◆ **Data below**:
----

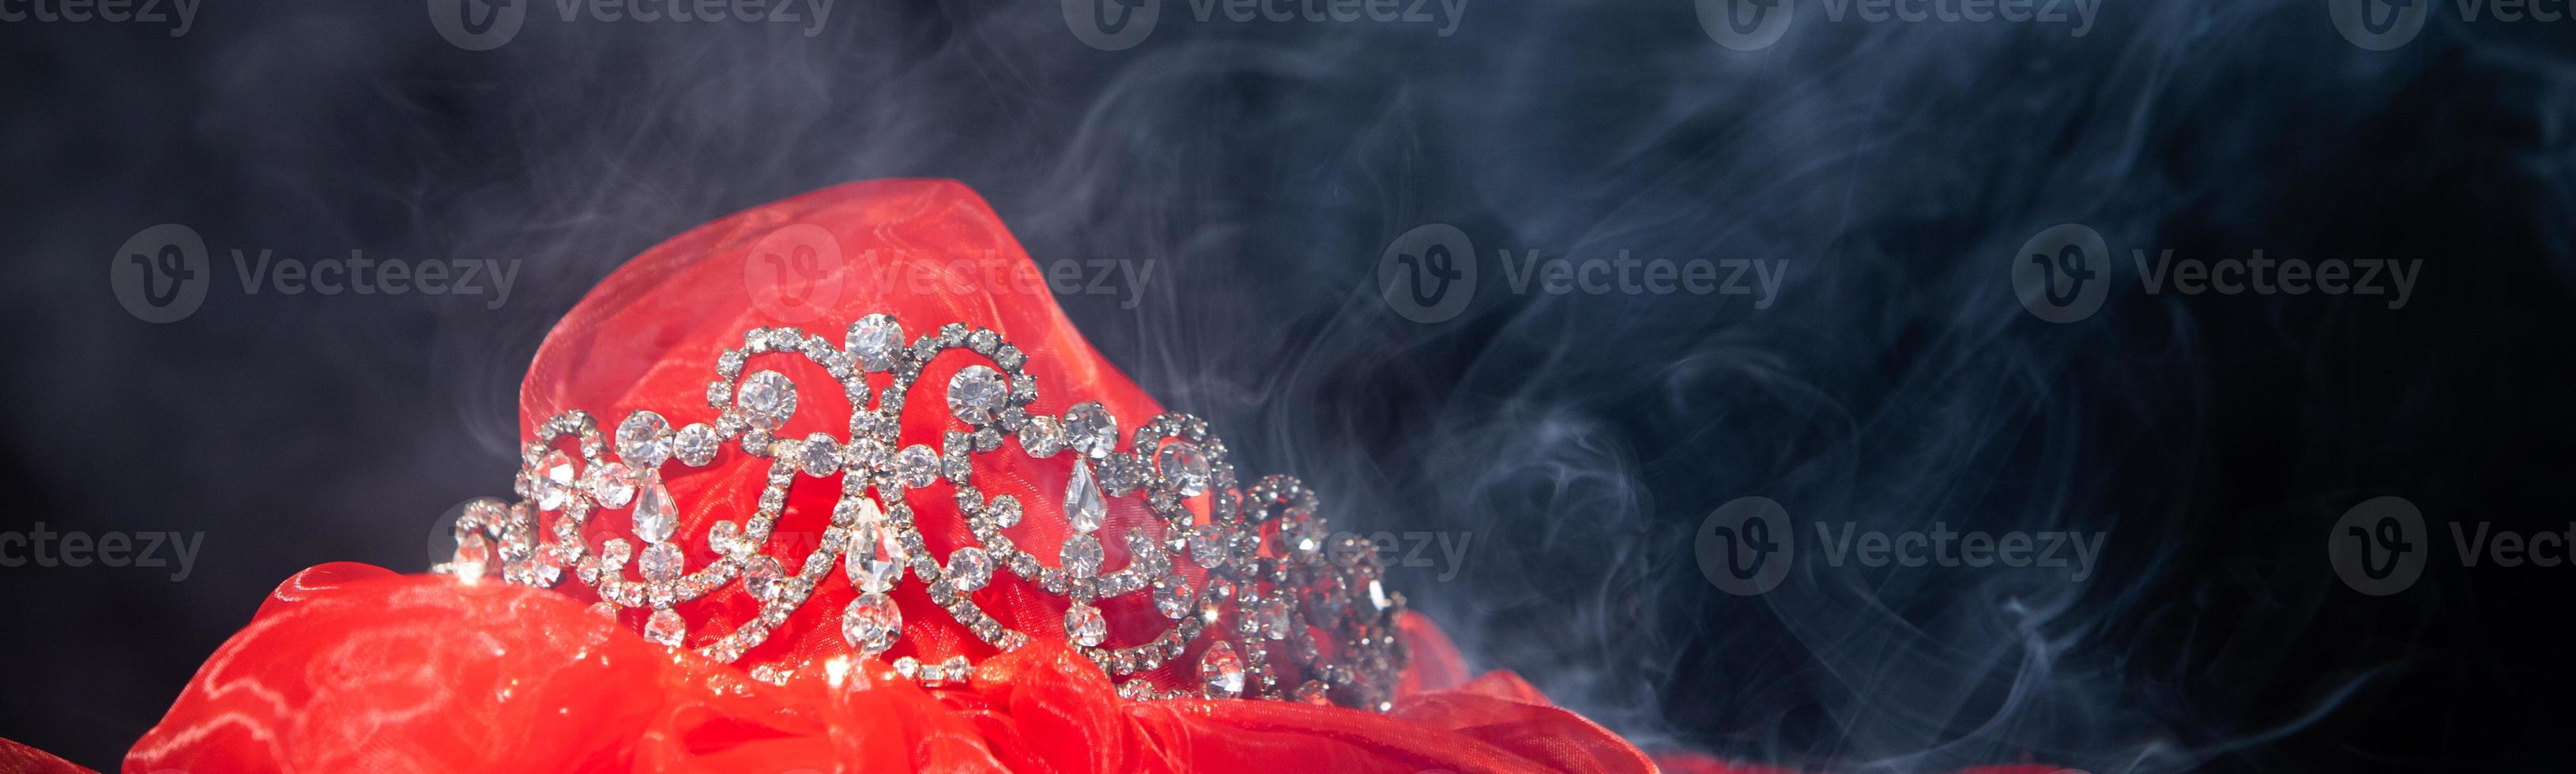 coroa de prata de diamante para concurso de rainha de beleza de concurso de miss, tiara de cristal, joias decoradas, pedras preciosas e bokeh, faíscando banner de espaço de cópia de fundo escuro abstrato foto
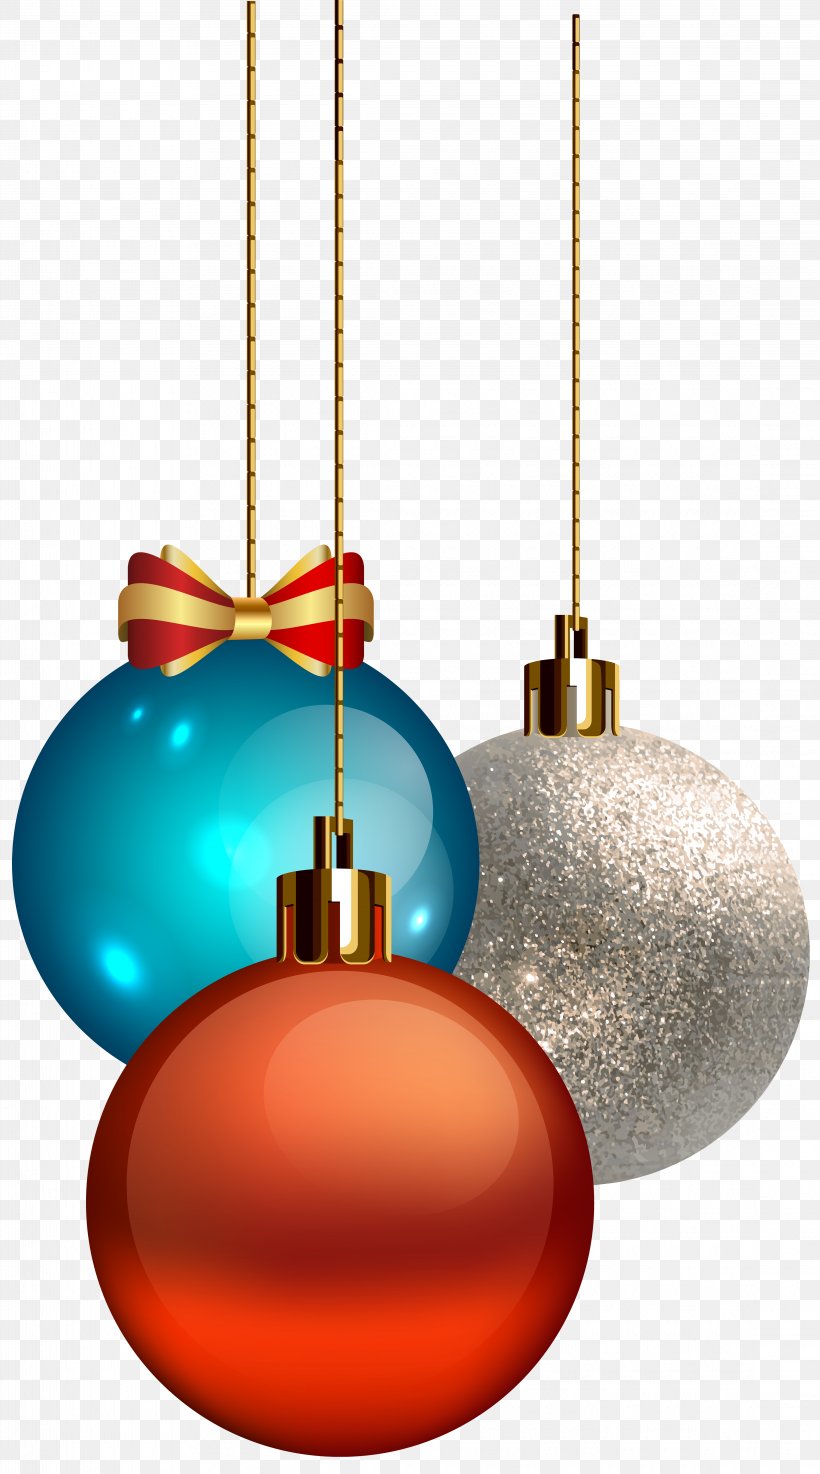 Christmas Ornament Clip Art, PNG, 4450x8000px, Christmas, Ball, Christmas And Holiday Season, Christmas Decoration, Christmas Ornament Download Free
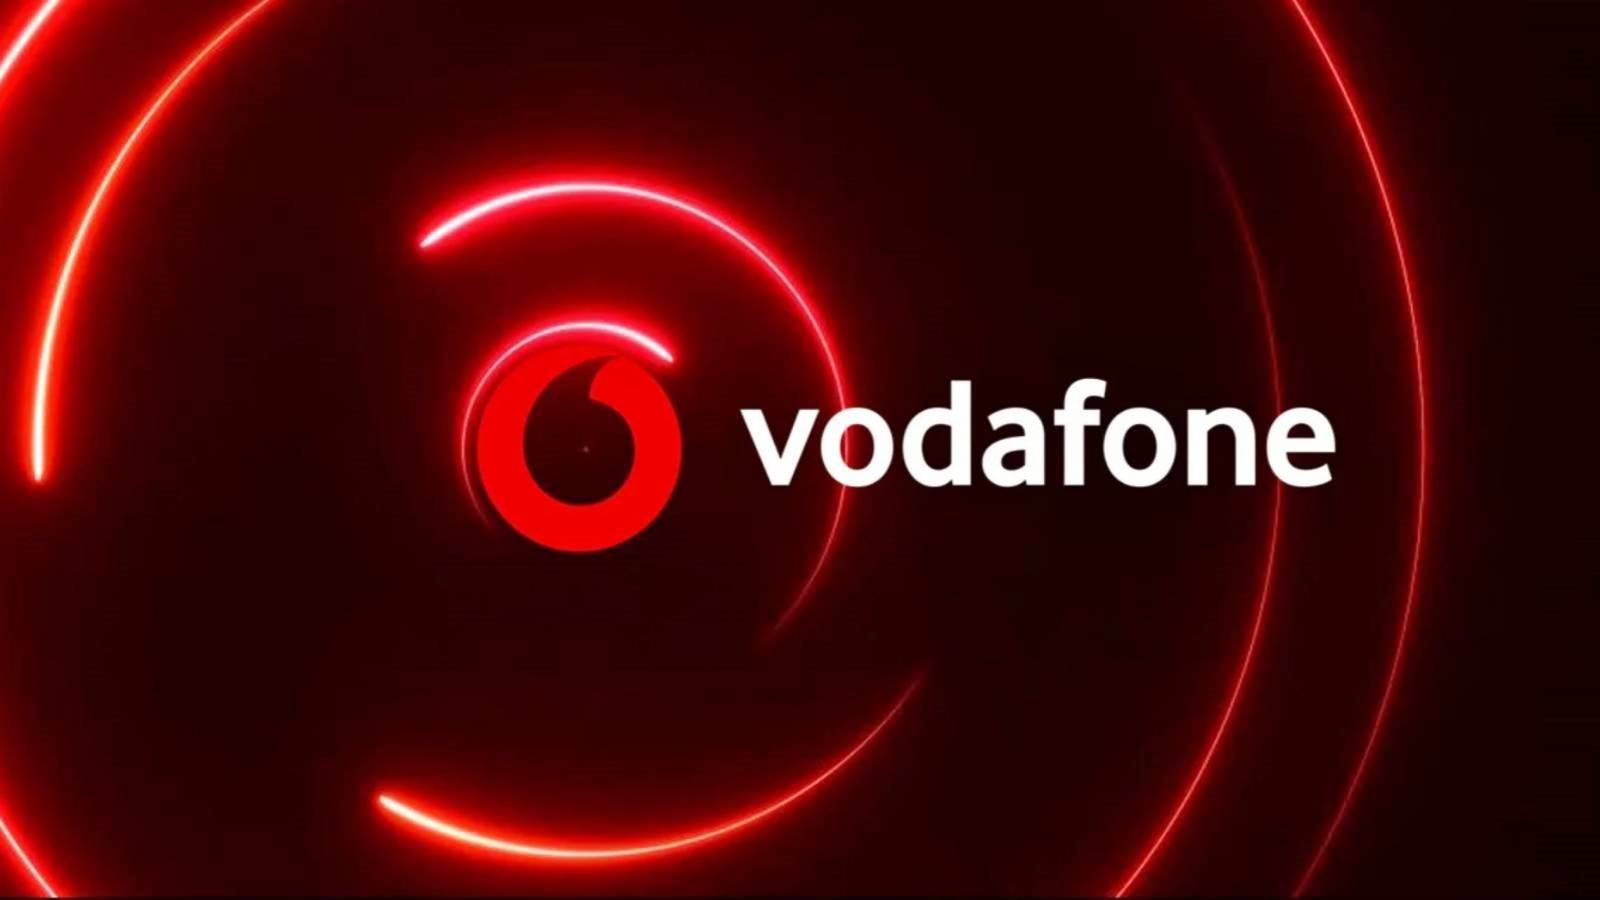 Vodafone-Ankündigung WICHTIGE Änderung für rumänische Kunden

----

◆ **Task objective**: Would you please retype the material above exactly and leave out each picture?

◆ **Output**:
 coroa de prata de diamante para concurso de rainha de beleza de concurso de miss, tiara de cristal, joias decoradas, pedras preciosas e bokeh, faíscando banner de espaço de cópia de fundo escuro abstrato foto
 Christmas Ornament Clip Art, PNG, 4450x8000px, Christmas, Ball, Christmas And Holiday Season, Christmas Decoration, Christmas Ornament Download Free
 Vodafone-Ankündigung WICHTIGE Änderung für rumänische Kunden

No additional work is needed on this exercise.